There are three things that truly move me—hotels (an opportunity to laze in clean luxury), water, and art, and in that order. The Andhra Arts & Crafts Hotel in Visakhapatnam promised to offer me all.
On the tumultuous banks of Bay of Bengal, the newly opened heritage wing of the Palms Beach Resort is the world’s first handicraft hotel and home to all the art Andhra has to offer. A sculpture of Hayagriva greets you as you walk through the resort to the crafts wing. Neatly carved wooden monkeys steer you, and a mural of Telugu thalli welcomes you into what guarantees to be an artful experience.
The colourful doors, popping out against the white of the walls, strike you first. The rooms inside are as colourful a vision. The hotel interiors are a harmonious amalgamation of modern architecture and the state’s arts. And if you thought it stopped at one crafty design across the 24-room property, the hotel surprises you with its four wings, each dedicated to one significant handicraft form from the State—Etikoppaka woodcraft, Budithi brassware, Tholu Bommalata (leather puppetry), and Kalamkari.
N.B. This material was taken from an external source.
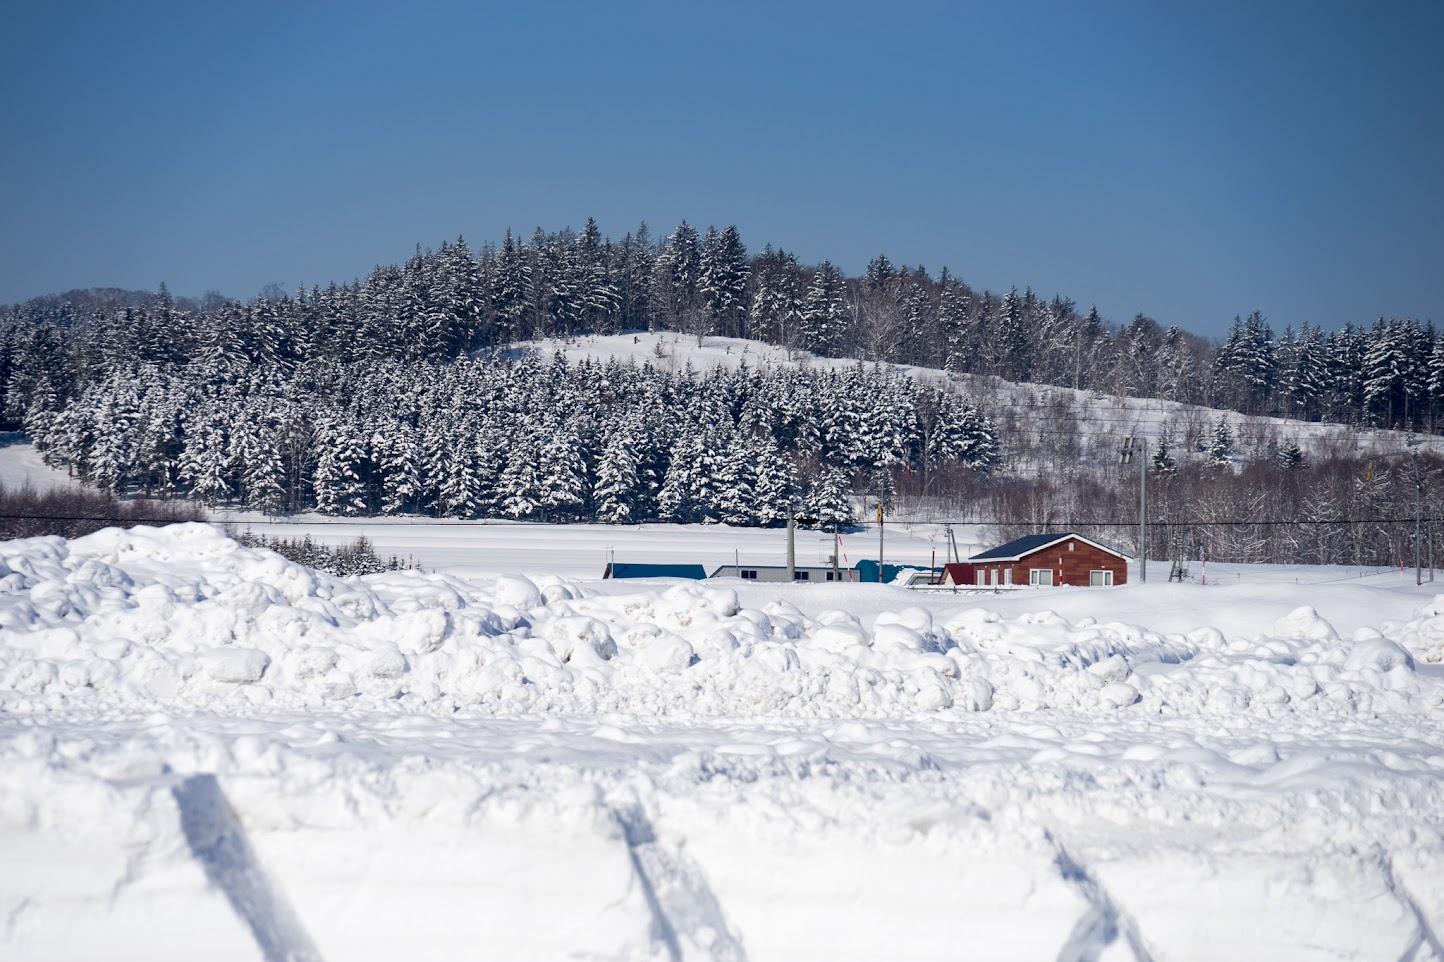 北竜町美葉牛地区の風景

From the doorknobs, to the cupboards, headboard, table, and bathroom shelves, everything is customised around the chosen craft. I was staying in the Etikoppaka room and was taken aback by the eye to detail—even the beads on my bed throw were of Etikoppaka make.
Such details strike you in every room, none of which are same. Closest to the heart of the hotel are the Etikoppaka rooms. Named after a village, Etikoppaka is the craft of making wooden toys from a local tree called Ankudu. Inspired from Pandirimancham, a colonial bed found in Andhra homes, the headboard is a piece of mixed media artwork of woodcarvings and cane weaving, perhaps the most reverent designs. The headboards are inspired by the temple sculptures of women adorned with jewellery, and the doors and wardrobes by the puja rooms in most traditional houses. The telltale black coating on every inch of brassware is prominent, and the use of natural resources for the result is evident in the rawness of the headboard and the bench.
The Kalamkari and Tholu Bommalata rooms are a stark contrast from the other two in their boisterous use of craft. The colours of the Kalamkari canvases are far from the traditional dull dyes. Even the mythological tales that dominates the form are foregone for quirkier scenes with a mix of traditional leaf and flower motifs. The cupboards, too, are covered in Kalamkari designs to the last inch. The positioning of the rooms seem especially crafty, since these rooms are reserved for the side of the hotel that has little or no view to offer.
But you are not besotted until you see the Tholu Bommalata rooms. Designed to recreate a local fair where these puppetry performances were common, a bench inspired by soda carts, a ‘gamey’ wardrobe, and a headboard with leather puppets, inspired from actual theatre performances against a Kalamkari backdrop, with curtains and theatre lights, complete the room.
From the rooms to everything else on the outside, nothing misses the minute eye of the 30 award-winning artists and designers who worked on the property. The 70 sculptures and 50 art installations, the font used for the room numbers, hotel logo and even the visiting cards have been inspired by Andhra’s temple carvings. Being a part of the Palms Beach Resort’s main hotel, with its three restaurants, spa, and pool, is a plus. The food is great, and the chefs are always willing to tweak the dishes and give you some local flavour.
Hotels move me, I said—it’s the idea of perfectly laundered rooms, probability of great food (delivered to the door), great service, and an eclectic mix of décor—a and the Andhra Arts & Crafts Hotel has raised the bar.